Varanasi has been the muse of countless men throughout history, from the author Mark Twain to actor Brad Pitt reflecting on their extraordinary encounter with the city. One of Hinduism’s major centers, the illustrious city has over time become an amalgamation of humanity with its diverse and staggering culture, population, and traditions. It has been the final destination to the spiritual quests of many who come here to seek the truth. Texts and mythology describe Varanasi as a cosmologically significant place believed to be the transitional gateway between this world and the cosmic world. The river Ganga flows along the older city and is lined by ghats – man-made embankments consisting of massive steps leading down the river. The land water interface has been culturally significant in India with a variety of built forms like stepwells and ghats materializing around waterbodies.

                    varanasi ImageDarbhanga and Munshi Ghats (IMAGE: WIKIPEDIA)


The ghats are a symbolic and physical connection to the river Ganga – the giver of all prosperity and of life. These ghats are marvelous examples of riverfront architecture in India and are overlooked by palatial buildings built by prominent patrons between the eighteenth and twentieth centuries. The area along the ghats is lined by temples and shrines along the stretch of the riverbank. 

It is at the banks of the river Ganga, on these ghats that men and women leave their mortal remains and traverse into the state of Moksha or ultimate liberation. The ghats witness multifarious activities from the Ganga arti, sacred rituals, festivals, cremation of the dead and the everyday activities of the people who inhabit the areas around the river – pilgrims, priests, yogis, and tourists. The landscape of the ghats represent the mythic narrative built around the beliefs of life, death, purity, impurity and a reverence for nature. It provides a kinetic and haptic experience while moving from the narrow streets of the city to the open ghats. 

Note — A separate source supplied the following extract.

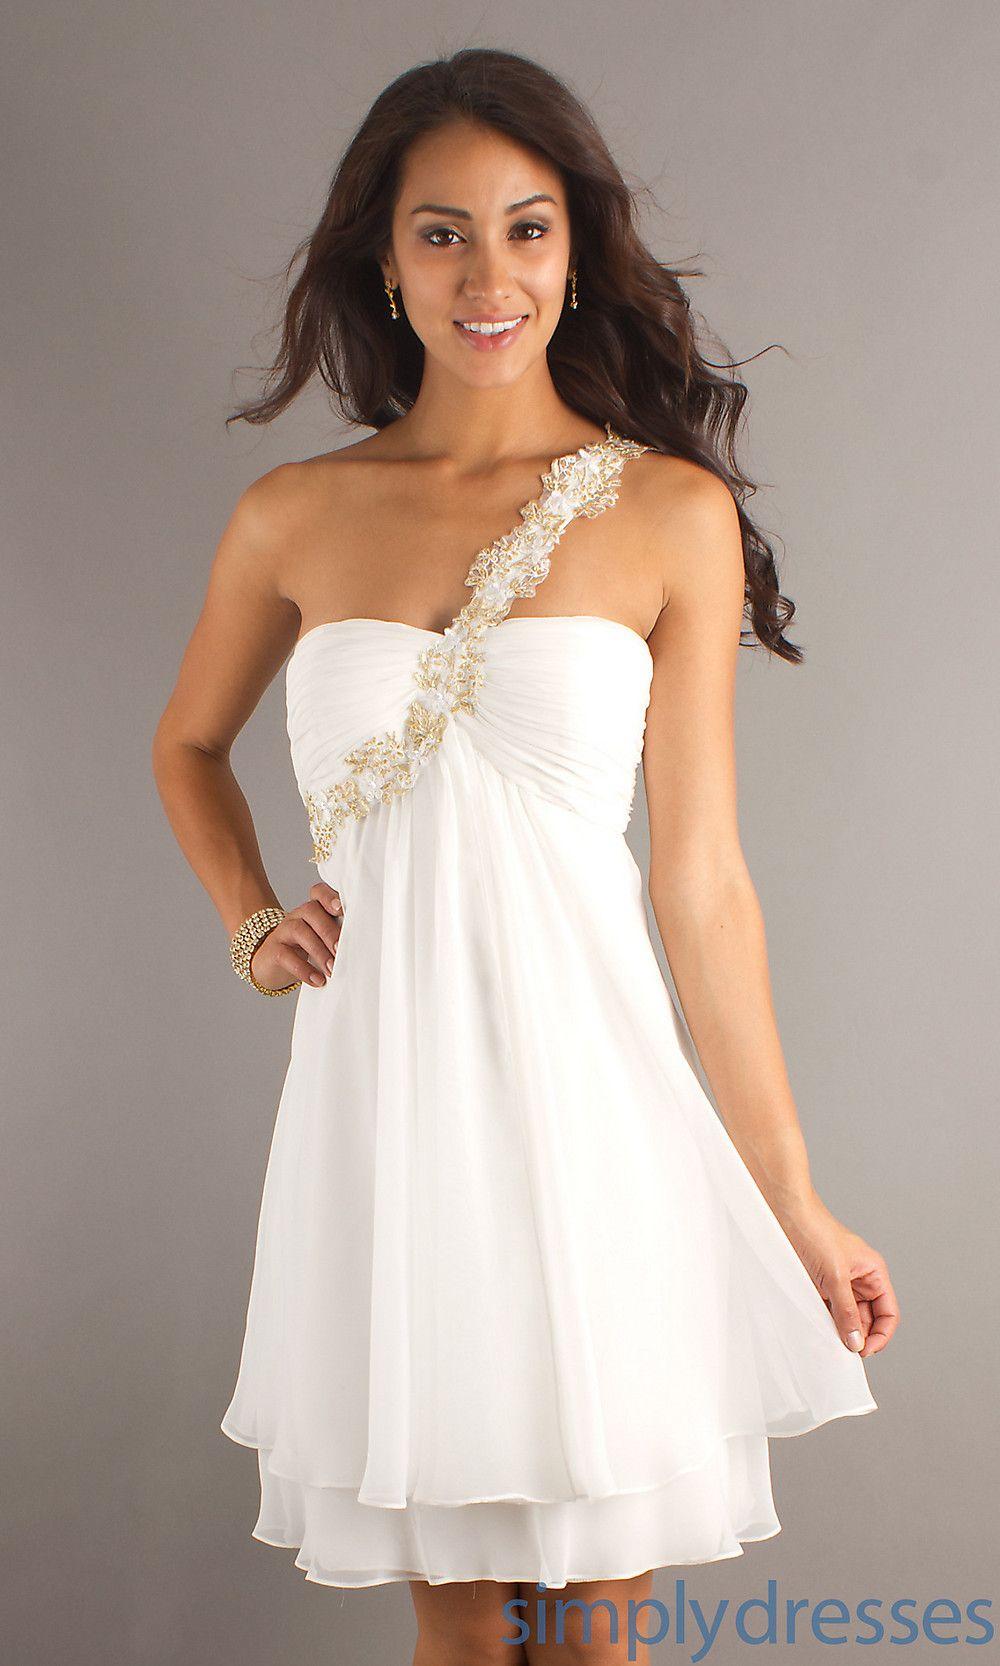 Party Dress Graduation Dress Short Ivory Dress - Simply Dresses ...

Of the many ghats on the crescent shaped bank of river Ganga, the Darbhanga ghat lies in the central portion. Built as an extension to the Munshi ghat, the Darbhanga ghat is one of the quieter and less crowded ones. It has massive octagonal platforms on either side demarcating its place in the landscape. The steps of the ghat comprise of sandstone bonded with dowel joints or iron clamps to secure them against flooding during monsoon.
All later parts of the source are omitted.